Le président de l’Association des fabricants, Ron Tomer, a déclaré que le jour de congé électoral devrait être annulé, car il est devenu, « ces dernières années, en raison de l’instabilité politique, une charge financière énorme et injuste pour les employeurs ».

Des citoyens israéliens votent dans un bureau de vote pour la 20e Knesset, à Jérusalem, le 17 mars 2015. (Crédit: Yonatan Sindel/Flash90)

L’avocat Roi Cohen, président de LAHAV, la Chambre israélienne des organisations et entreprises indépendantes, a lancé un appel similaire pour annuler le jour férié.

Les entreprises et les employeurs indépendants « paient de leur poche le coût des élections », a-t-il déclaré dans un communiqué.

Au-delà de la perte de productivité, il y a le financement de l’élection elle-même, comprenant également le budget de la commission centrale électorale, qui à son tour, fournit des fonds aux partis faisant campagne pour des places à la Knesset.

Nathanson a déclaré qu’historiquement, le budget la commission centrale électorale augmente de 10 à 20 % à chaque élection. Il estime que cette fois-ci, il devrait atteindre 1 milliard de shekels.

Roby Nathanson, 2 mars 2022 (Crédit: Capture d’écran/YouTube)
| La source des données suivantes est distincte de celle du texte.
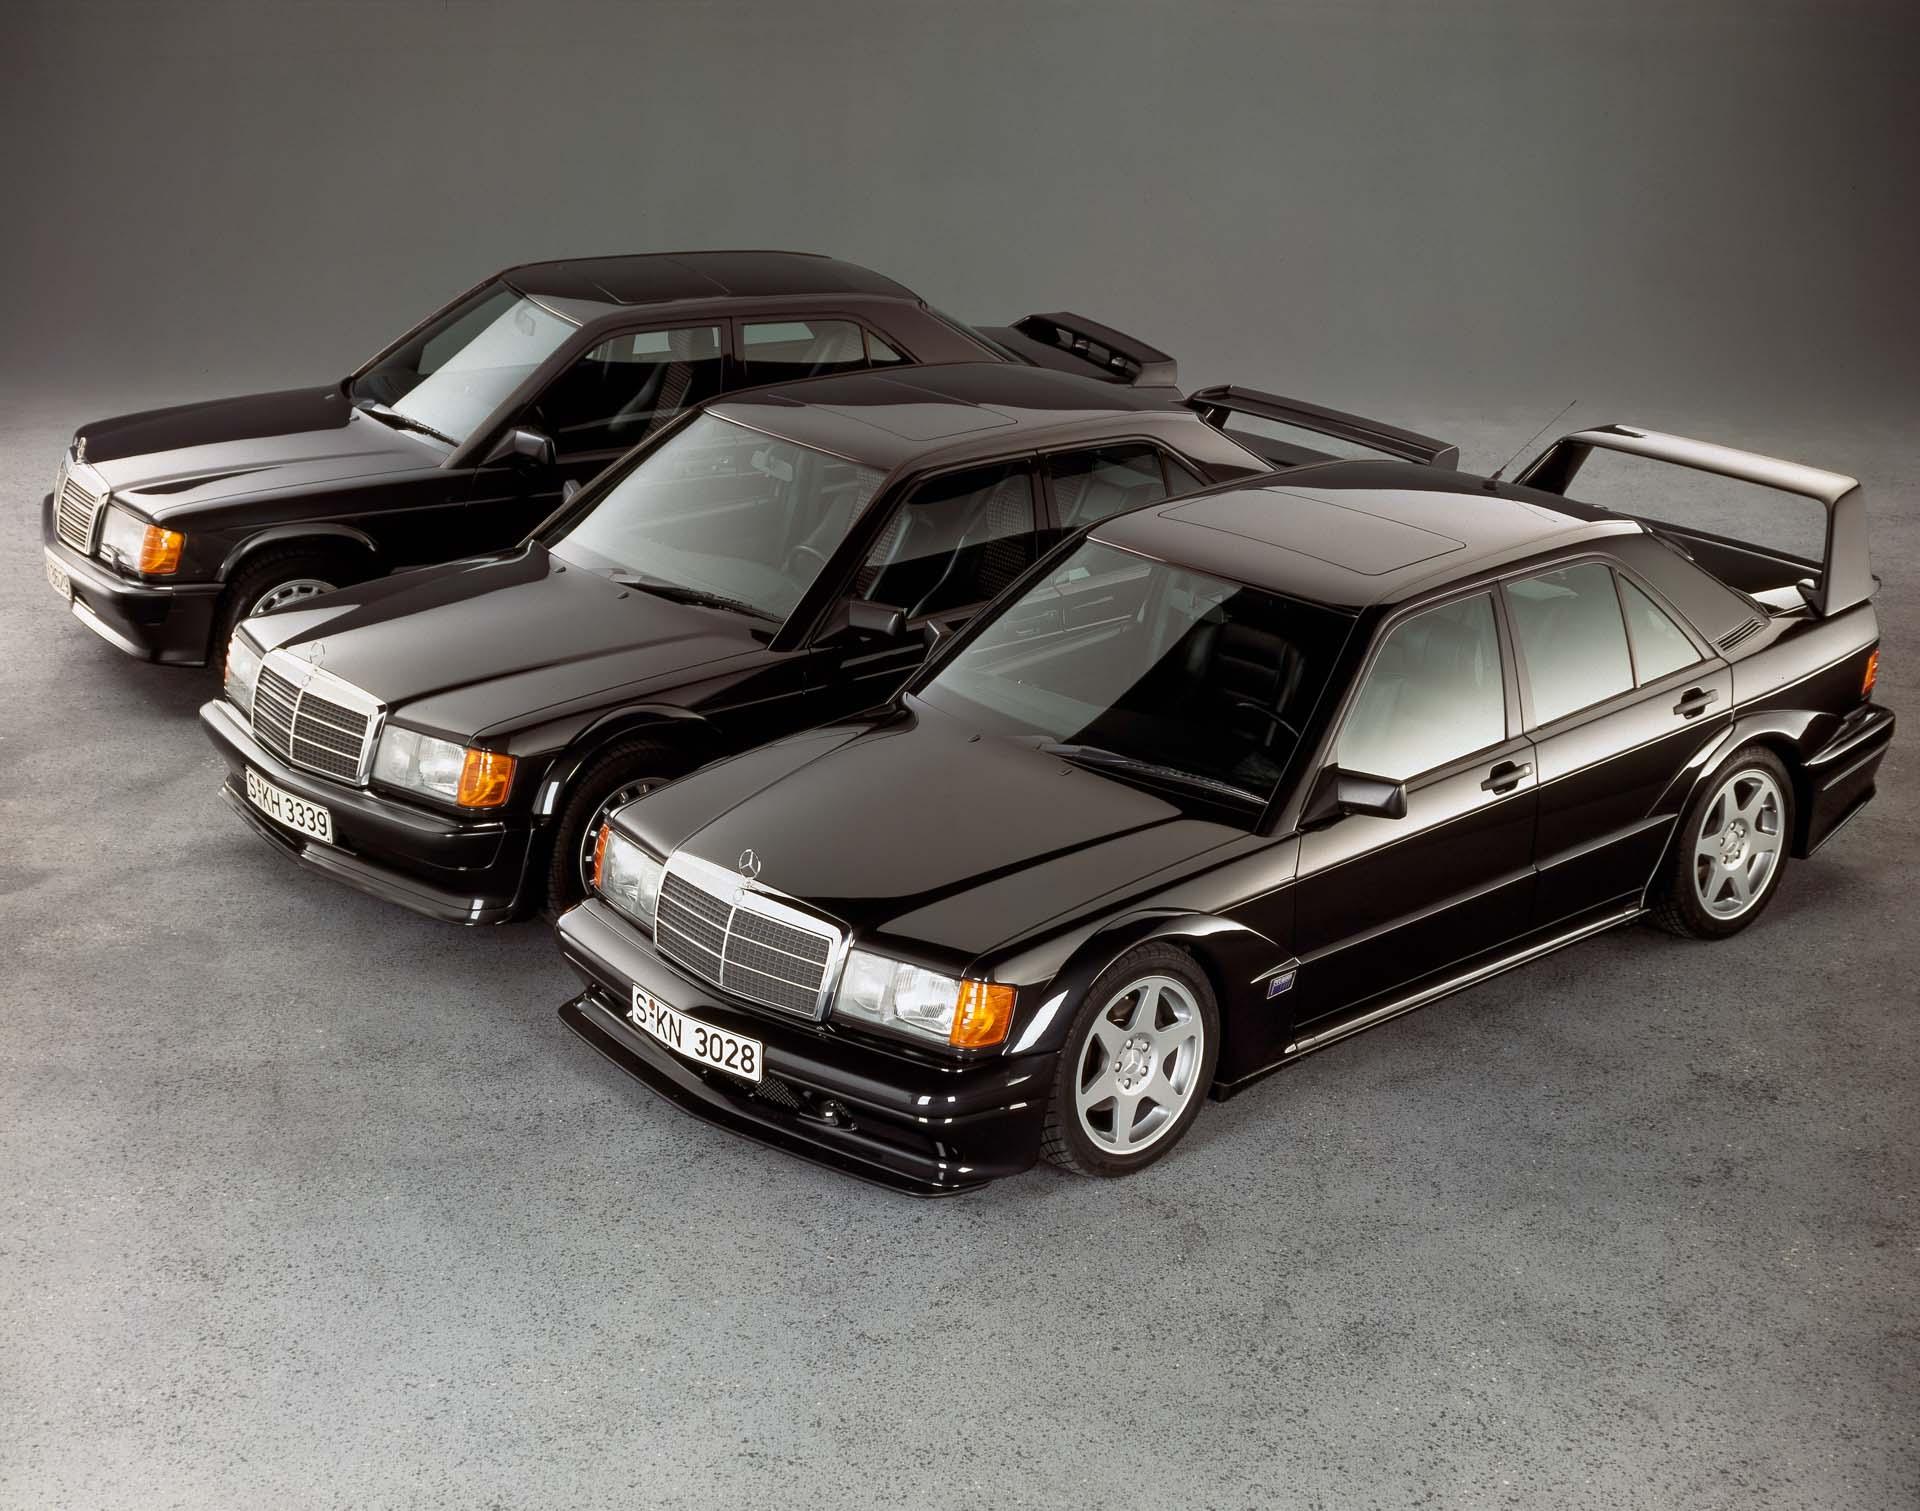 Mercedes-Benz 190 E 2.5-16 Evolution II (vorn rechts) mit seinen Vorgängern 190 E 2.5-16 Evolution (Mitte) und Mercedes-Benz 190 E 2.3-16 (hinten links). Foto aus dem Jahr 1990.

Outre le coût du personnel de la commission centrale électorale, de l’installation des bureaux de vote, l’impression du million de bulletins de vote en papier, chaque parti reçoit un financement de l’État pour ses activités électorales.

Le montant auquel chaque parti a droit est calculé en fonction de la moyenne du nombre de sièges qu’il détient déjà et du nombre de sièges qu’il remportera lors de l’élection. Les partis empruntent à l’État pour financer leur campagne en fonction du montant qu’ils espèrent recevoir. Les nouveaux partis font leurs estimations en fonction des sondages préélectoraux.

Nathanson a estimé que le financement des partis pour les élections prévues se situera entre 216 et 236 millions de shekels. Le coût supplémentaire est dû aux primaires organisées par les partis. Une loi de 2018 interdit aux députés actuels de collecter des fonds pour les primaires mais l’État leur accorde un budget même s’ils ne sont finalement pas choisis pour représenter leur parti. Cela pourrait s’élever à 12,8 millions de shekels supplémentaires, selon les estimations de Nathanson.